EXTRACTED RECORDS
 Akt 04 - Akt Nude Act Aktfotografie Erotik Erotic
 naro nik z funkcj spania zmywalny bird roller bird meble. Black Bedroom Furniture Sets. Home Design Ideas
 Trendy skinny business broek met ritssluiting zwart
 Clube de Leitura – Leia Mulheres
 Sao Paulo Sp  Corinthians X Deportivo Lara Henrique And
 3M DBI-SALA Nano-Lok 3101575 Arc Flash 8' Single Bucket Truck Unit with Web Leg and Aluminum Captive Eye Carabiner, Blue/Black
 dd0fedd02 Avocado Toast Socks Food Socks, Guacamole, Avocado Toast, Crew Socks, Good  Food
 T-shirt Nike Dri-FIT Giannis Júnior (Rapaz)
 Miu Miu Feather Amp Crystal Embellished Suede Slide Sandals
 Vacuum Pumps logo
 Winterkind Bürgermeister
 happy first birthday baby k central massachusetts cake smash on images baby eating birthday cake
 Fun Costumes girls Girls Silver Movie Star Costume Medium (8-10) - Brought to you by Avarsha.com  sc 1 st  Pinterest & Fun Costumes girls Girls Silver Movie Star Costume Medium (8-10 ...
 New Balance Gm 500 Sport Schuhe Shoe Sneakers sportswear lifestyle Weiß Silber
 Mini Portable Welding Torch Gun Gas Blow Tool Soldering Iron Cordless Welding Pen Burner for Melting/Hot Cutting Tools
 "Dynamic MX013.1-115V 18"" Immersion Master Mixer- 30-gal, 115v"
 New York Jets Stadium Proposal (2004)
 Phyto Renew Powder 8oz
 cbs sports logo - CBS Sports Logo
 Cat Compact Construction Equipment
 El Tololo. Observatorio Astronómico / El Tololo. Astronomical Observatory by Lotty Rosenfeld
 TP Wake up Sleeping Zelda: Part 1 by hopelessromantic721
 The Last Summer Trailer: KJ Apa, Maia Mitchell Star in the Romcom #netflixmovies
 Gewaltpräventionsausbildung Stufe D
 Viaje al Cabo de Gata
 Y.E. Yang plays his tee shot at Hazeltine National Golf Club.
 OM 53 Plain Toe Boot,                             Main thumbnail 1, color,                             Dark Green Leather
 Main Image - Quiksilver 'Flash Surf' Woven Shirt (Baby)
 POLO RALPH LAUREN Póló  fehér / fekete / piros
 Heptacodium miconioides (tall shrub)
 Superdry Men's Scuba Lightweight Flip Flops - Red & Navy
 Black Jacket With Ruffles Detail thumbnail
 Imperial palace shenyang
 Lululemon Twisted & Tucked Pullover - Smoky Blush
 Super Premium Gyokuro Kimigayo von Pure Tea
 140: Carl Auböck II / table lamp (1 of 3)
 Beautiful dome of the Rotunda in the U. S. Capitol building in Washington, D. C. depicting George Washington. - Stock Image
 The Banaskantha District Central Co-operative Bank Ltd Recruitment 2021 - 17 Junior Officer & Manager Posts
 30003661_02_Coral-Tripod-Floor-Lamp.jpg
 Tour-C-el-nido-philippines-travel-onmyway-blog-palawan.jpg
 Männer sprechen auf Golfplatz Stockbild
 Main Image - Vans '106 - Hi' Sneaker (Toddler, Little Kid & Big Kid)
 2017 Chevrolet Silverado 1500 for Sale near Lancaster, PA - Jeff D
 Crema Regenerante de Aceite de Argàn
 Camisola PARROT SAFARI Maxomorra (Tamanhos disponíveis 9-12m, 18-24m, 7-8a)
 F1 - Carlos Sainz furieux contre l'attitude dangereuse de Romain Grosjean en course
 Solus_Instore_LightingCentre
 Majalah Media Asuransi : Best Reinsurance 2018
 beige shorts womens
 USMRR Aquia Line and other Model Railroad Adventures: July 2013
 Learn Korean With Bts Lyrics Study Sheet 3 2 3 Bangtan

WHAT YOU ARE ASKED TO DO
Take the listing from its first line to the line containing "Cat Compact Construction Equipment". Reproduce those lines exactly and nothing else.

WRITTEN REPLY
 Akt 04 - Akt Nude Act Aktfotografie Erotik Erotic
 naro nik z funkcj spania zmywalny bird roller bird meble. Black Bedroom Furniture Sets. Home Design Ideas
 Trendy skinny business broek met ritssluiting zwart
 Clube de Leitura – Leia Mulheres
 Sao Paulo Sp  Corinthians X Deportivo Lara Henrique And
 3M DBI-SALA Nano-Lok 3101575 Arc Flash 8' Single Bucket Truck Unit with Web Leg and Aluminum Captive Eye Carabiner, Blue/Black
 dd0fedd02 Avocado Toast Socks Food Socks, Guacamole, Avocado Toast, Crew Socks, Good  Food
 T-shirt Nike Dri-FIT Giannis Júnior (Rapaz)
 Miu Miu Feather Amp Crystal Embellished Suede Slide Sandals
 Vacuum Pumps logo
 Winterkind Bürgermeister
 happy first birthday baby k central massachusetts cake smash on images baby eating birthday cake
 Fun Costumes girls Girls Silver Movie Star Costume Medium (8-10) - Brought to you by Avarsha.com  sc 1 st  Pinterest & Fun Costumes girls Girls Silver Movie Star Costume Medium (8-10 ...
 New Balance Gm 500 Sport Schuhe Shoe Sneakers sportswear lifestyle Weiß Silber
 Mini Portable Welding Torch Gun Gas Blow Tool Soldering Iron Cordless Welding Pen Burner for Melting/Hot Cutting Tools
 "Dynamic MX013.1-115V 18"" Immersion Master Mixer- 30-gal, 115v"
 New York Jets Stadium Proposal (2004)
 Phyto Renew Powder 8oz
 cbs sports logo - CBS Sports Logo
 Cat Compact Construction Equipment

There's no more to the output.